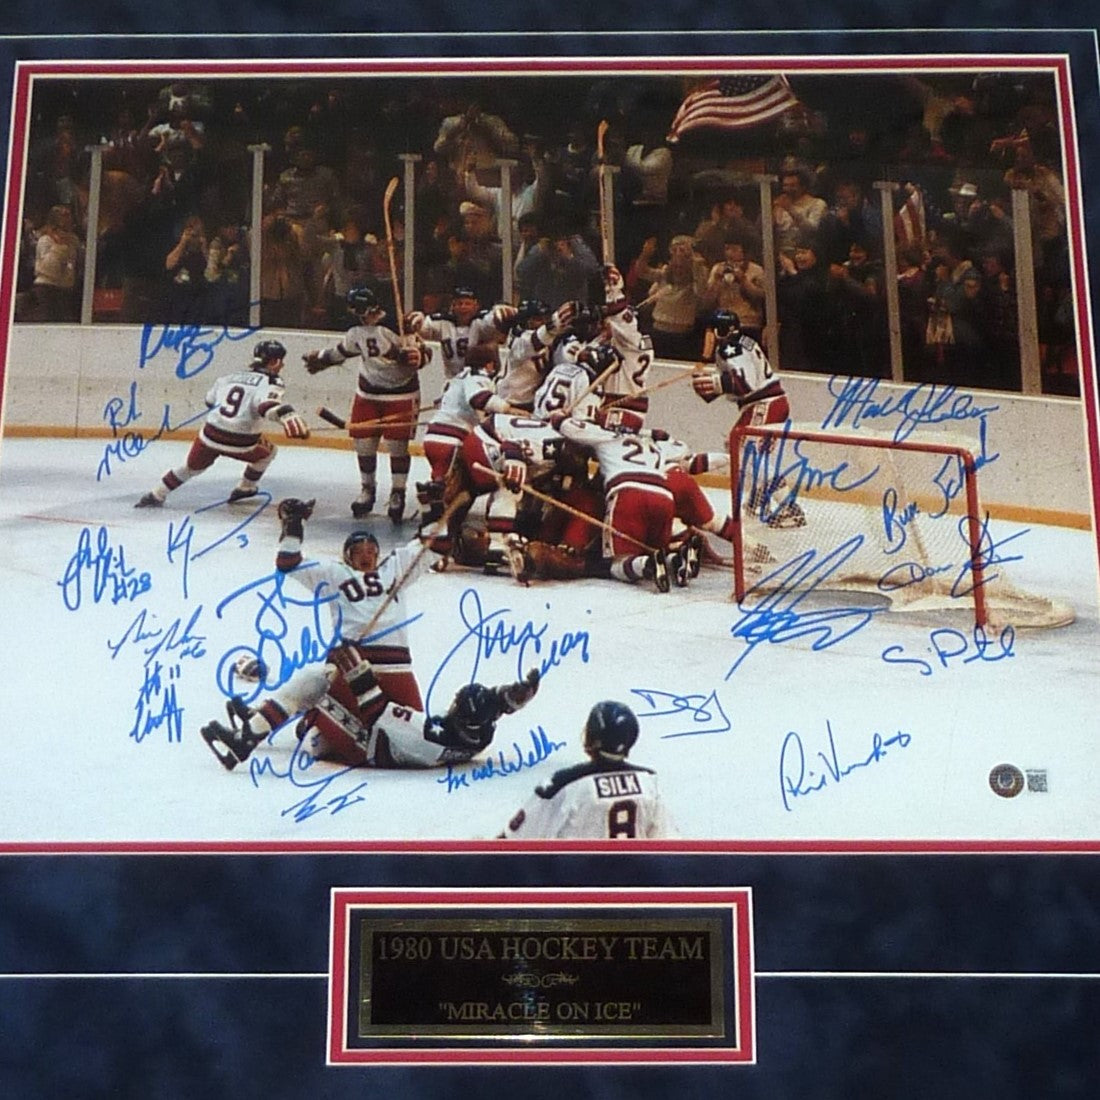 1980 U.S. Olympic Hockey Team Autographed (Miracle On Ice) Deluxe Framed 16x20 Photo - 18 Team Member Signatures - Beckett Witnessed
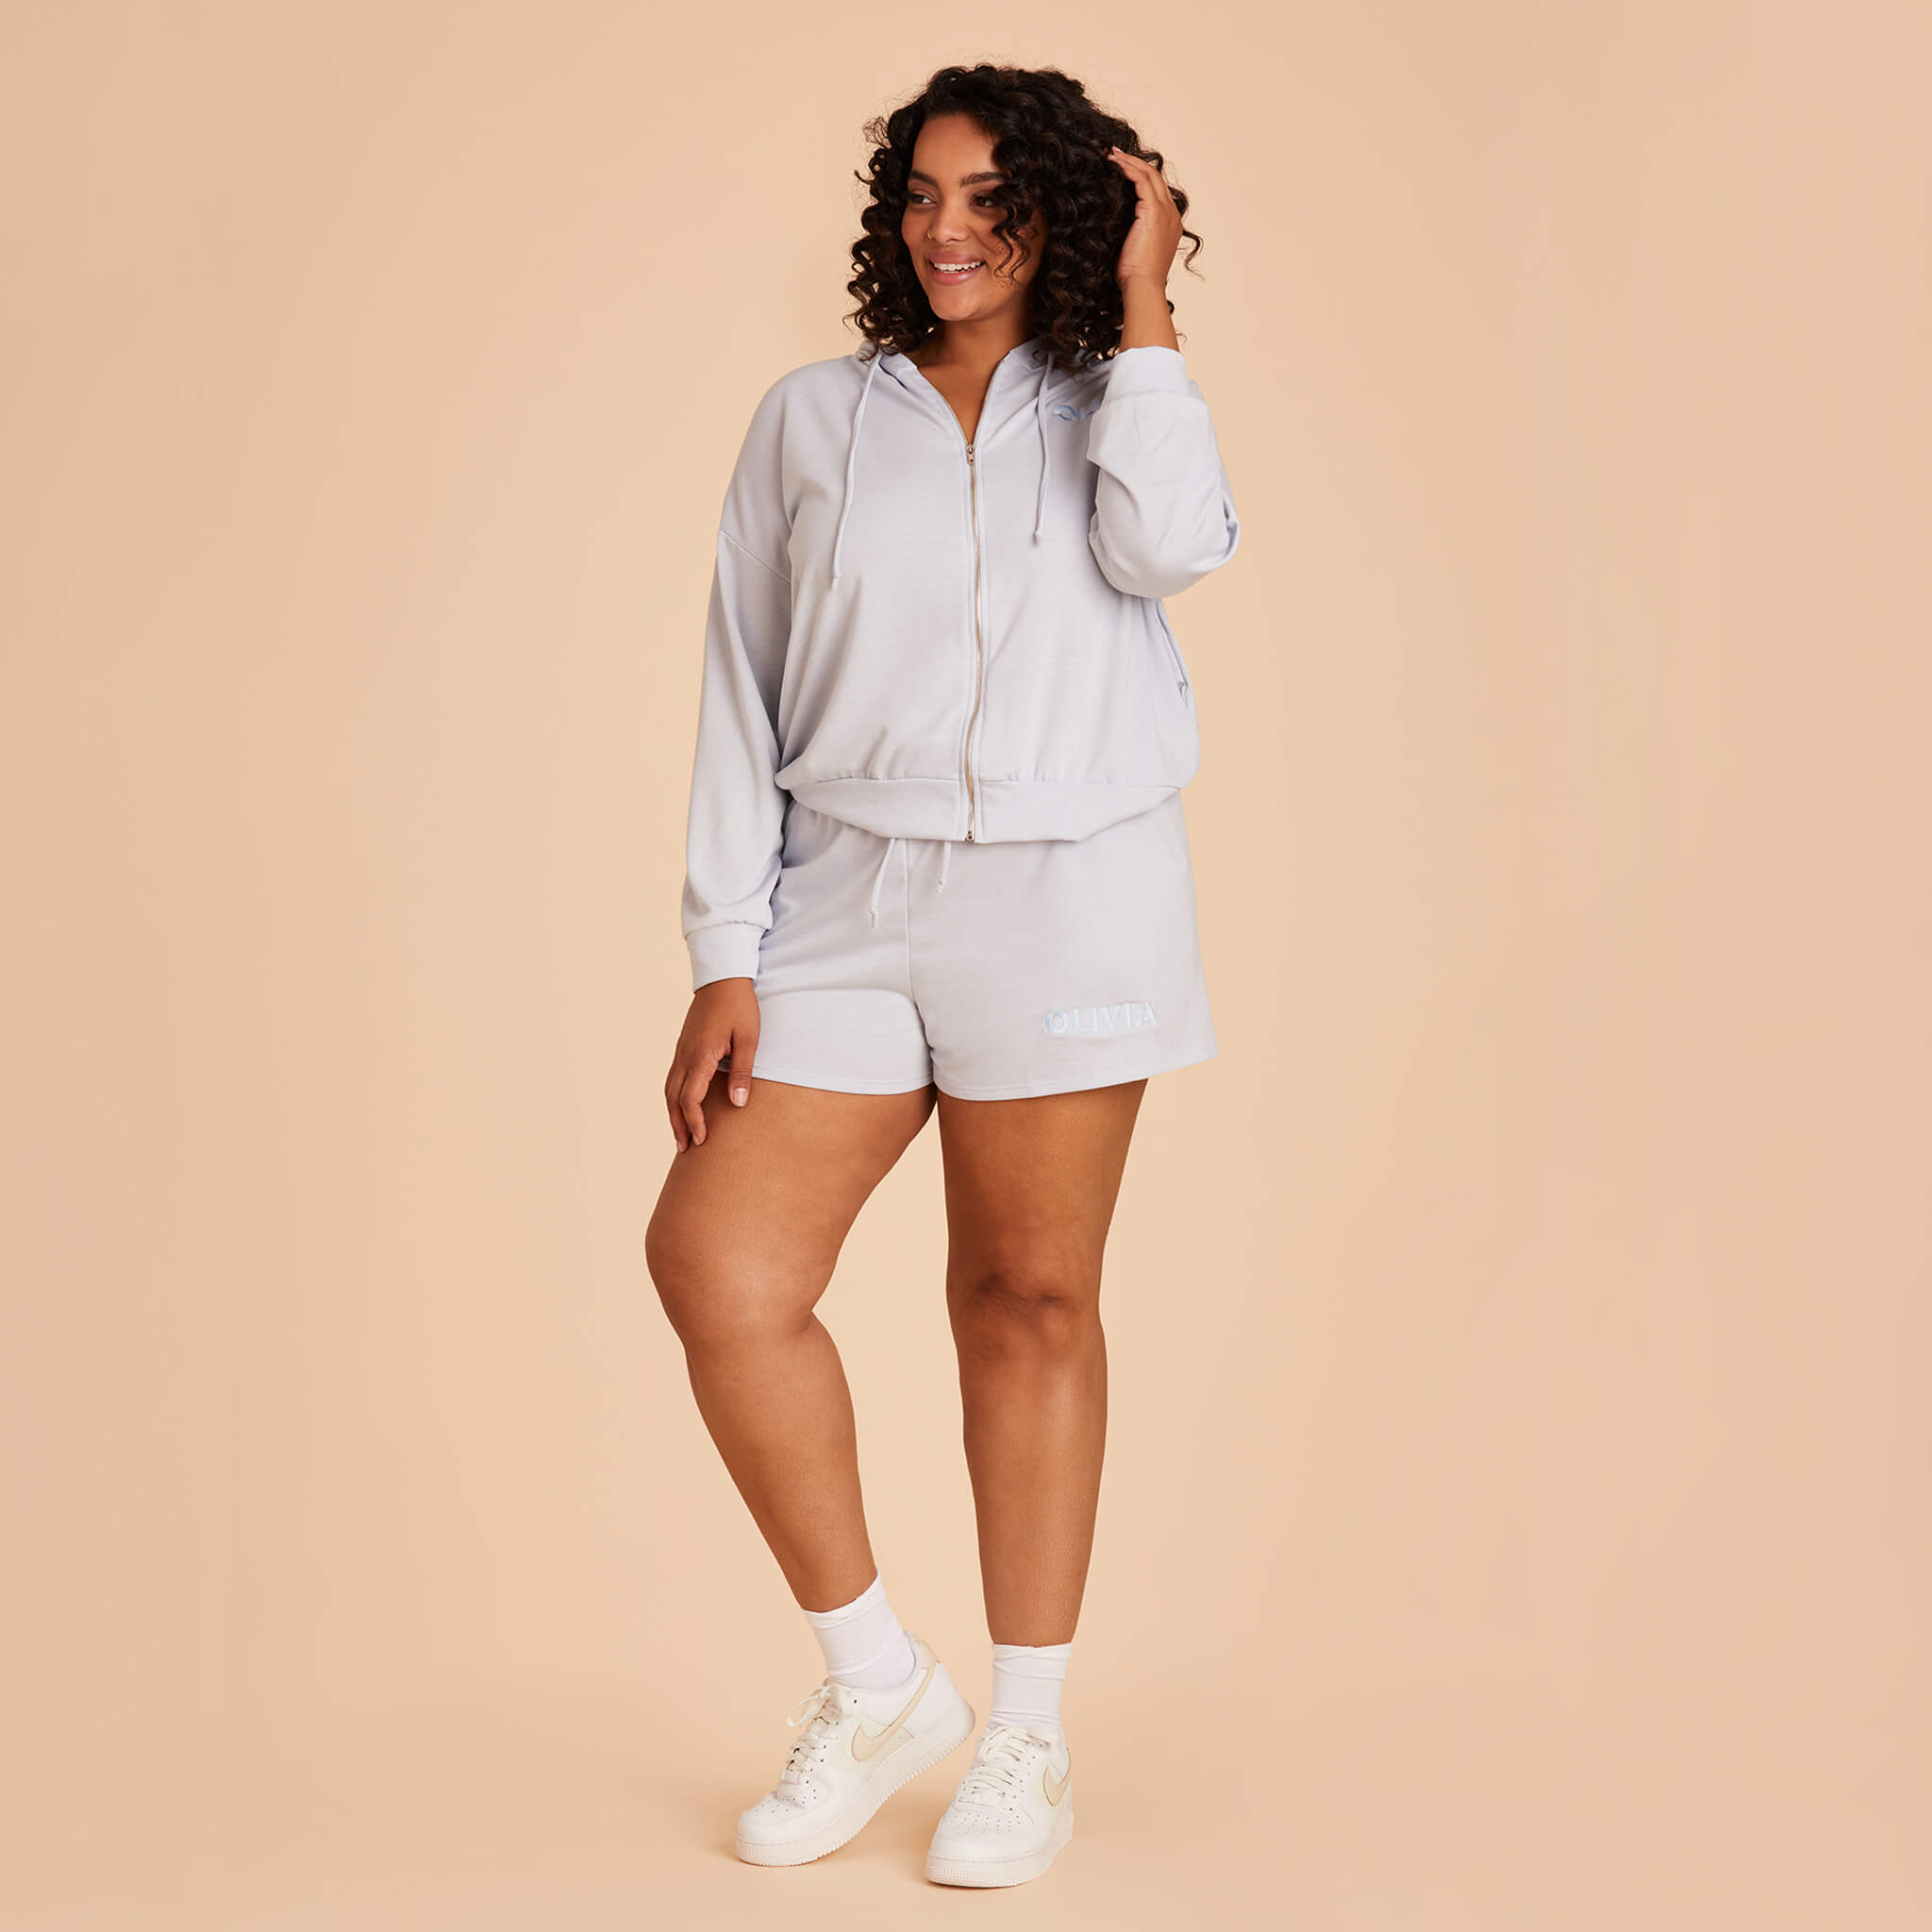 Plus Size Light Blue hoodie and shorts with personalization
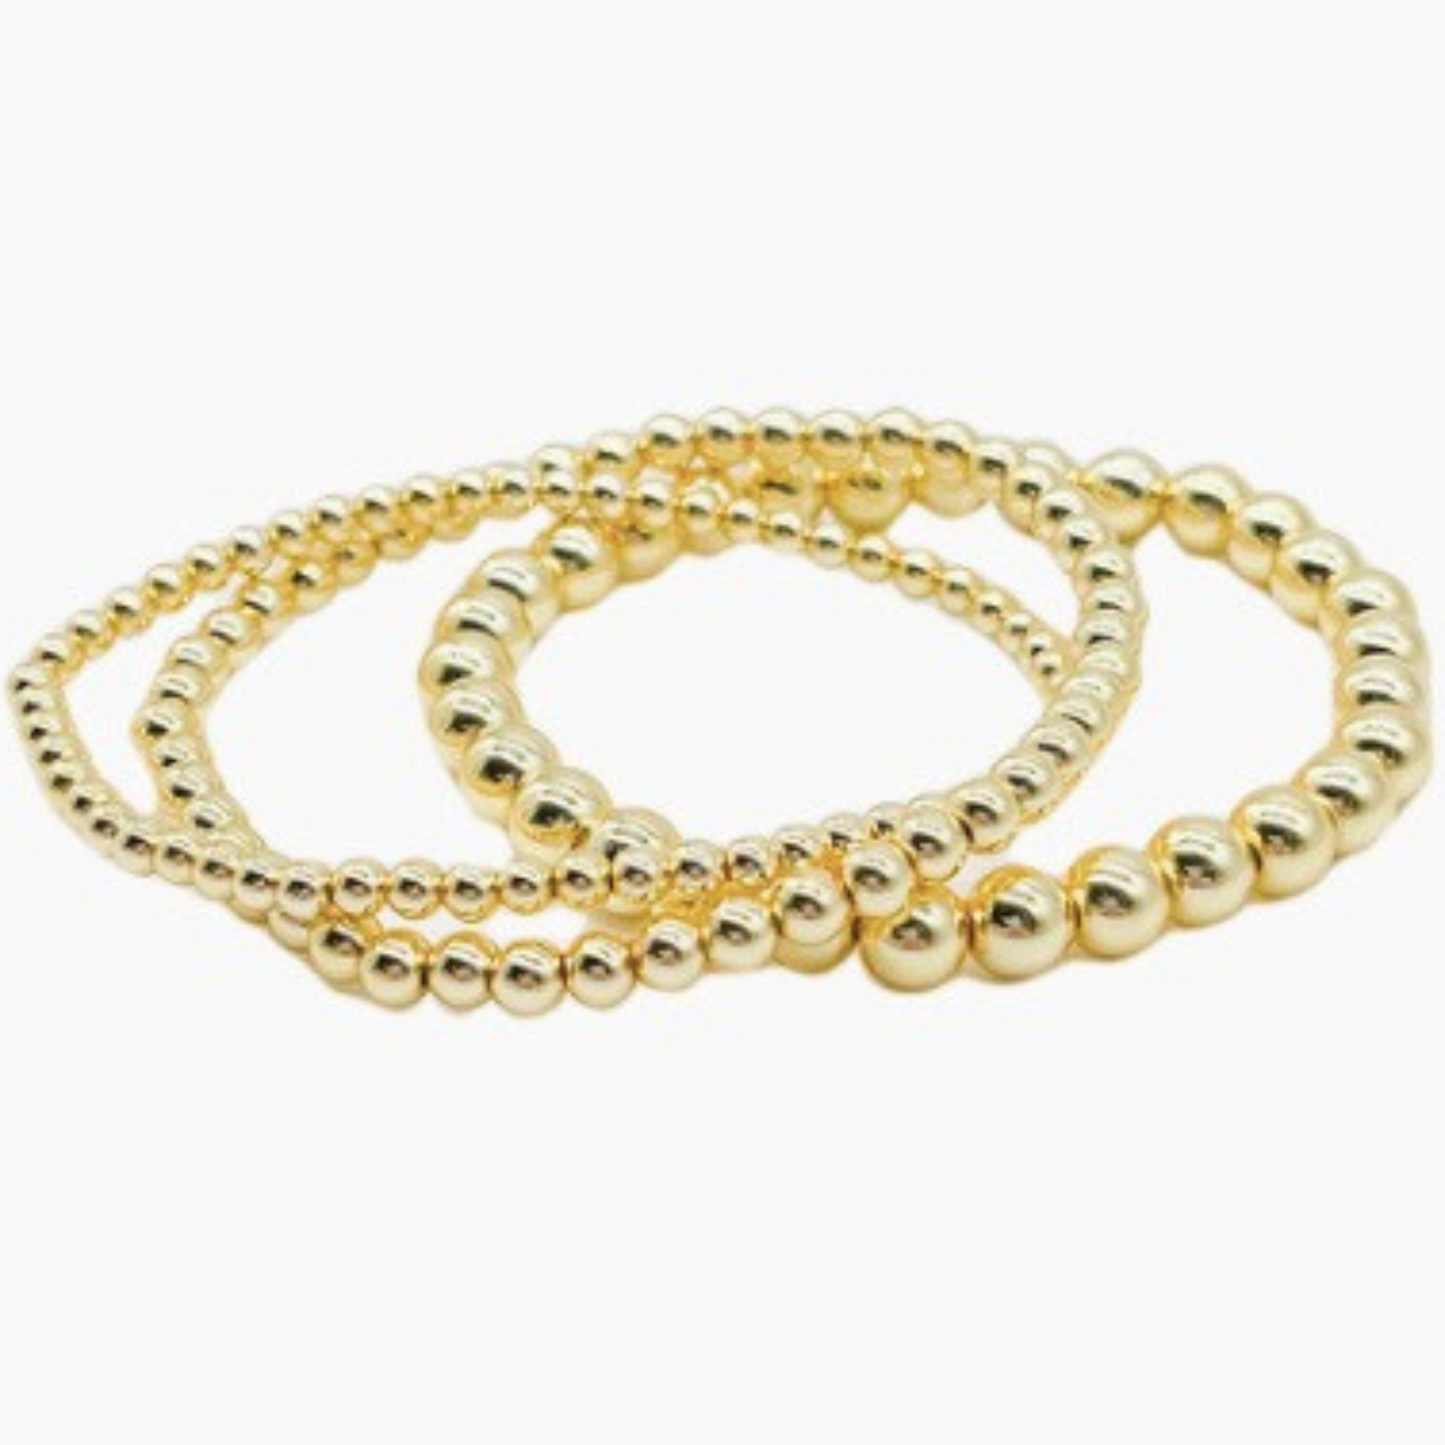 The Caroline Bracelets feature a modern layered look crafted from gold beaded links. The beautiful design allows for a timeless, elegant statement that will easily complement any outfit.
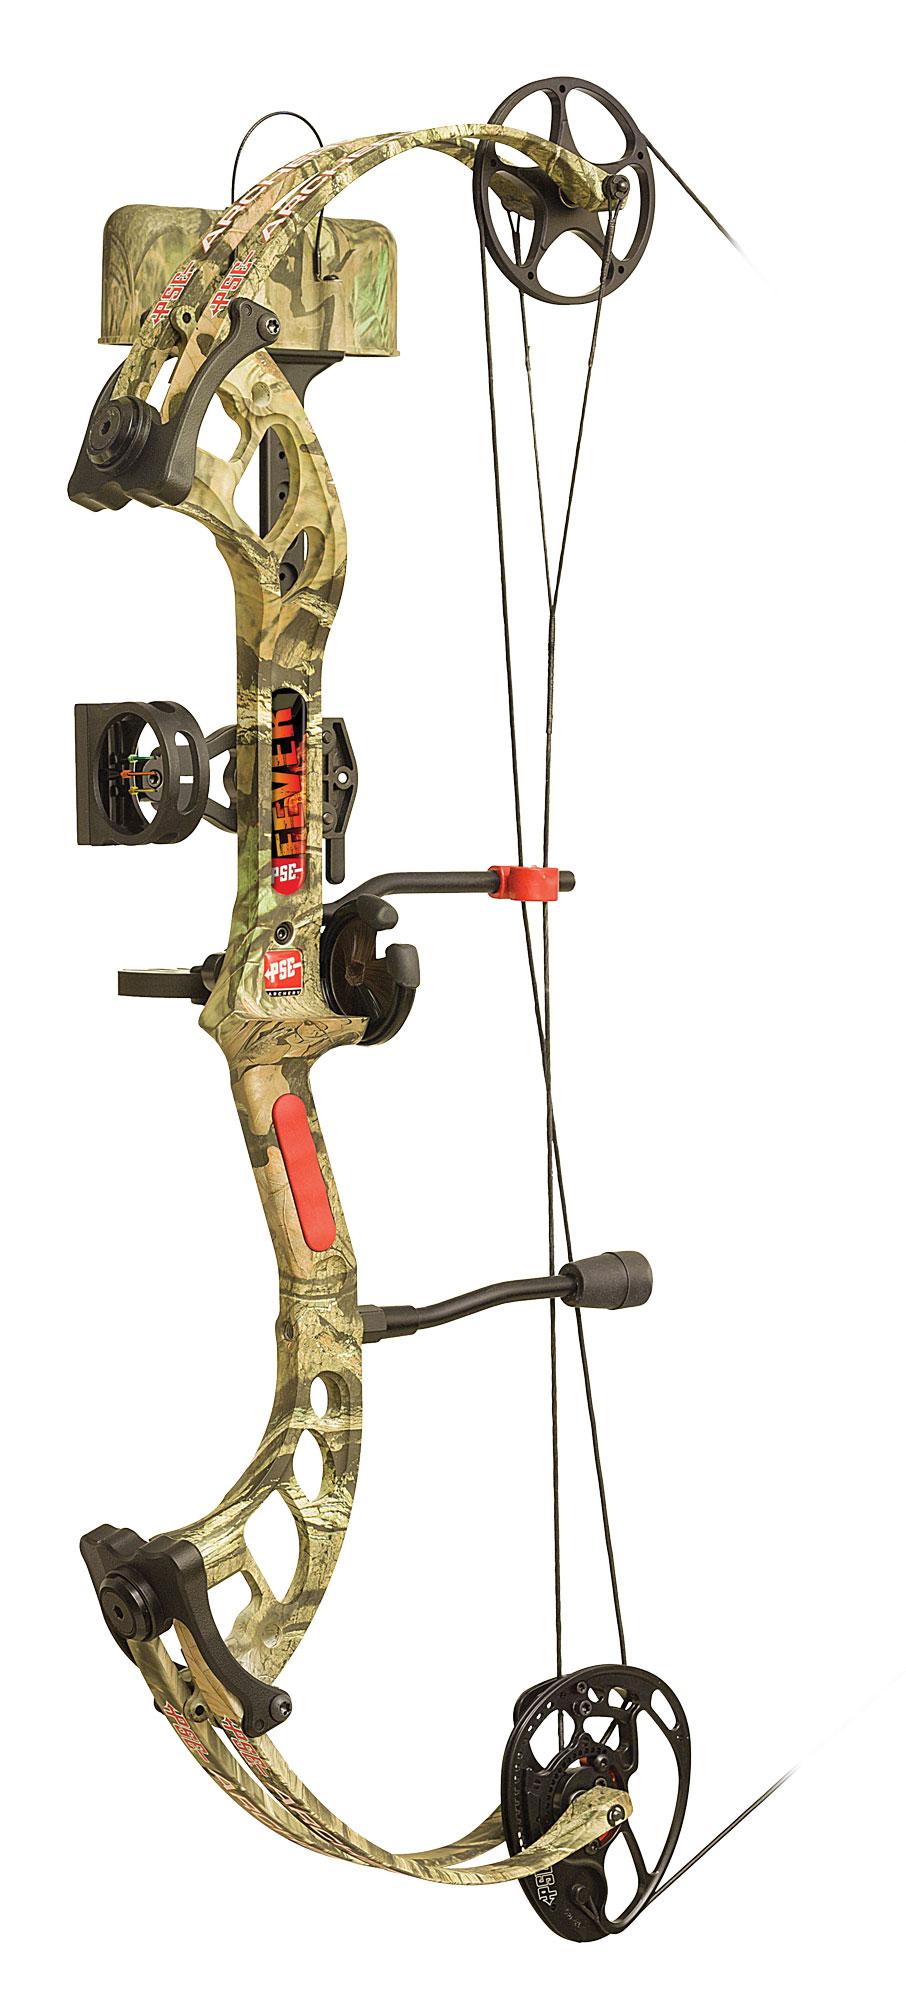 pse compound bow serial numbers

*TRY IT*:
Omitting all pictures, retype exactly the lines from the line containing "Plus Size Light" down to the last line above, both ends included.

*THE COMPLETED TASK*:
 Plus Size Light Blue hoodie and shorts with personalization
 The Caroline Bracelets feature a modern layered look crafted from gold beaded links. The beautiful design allows for a timeless, elegant statement that will easily complement any outfit.
 pse compound bow serial numbers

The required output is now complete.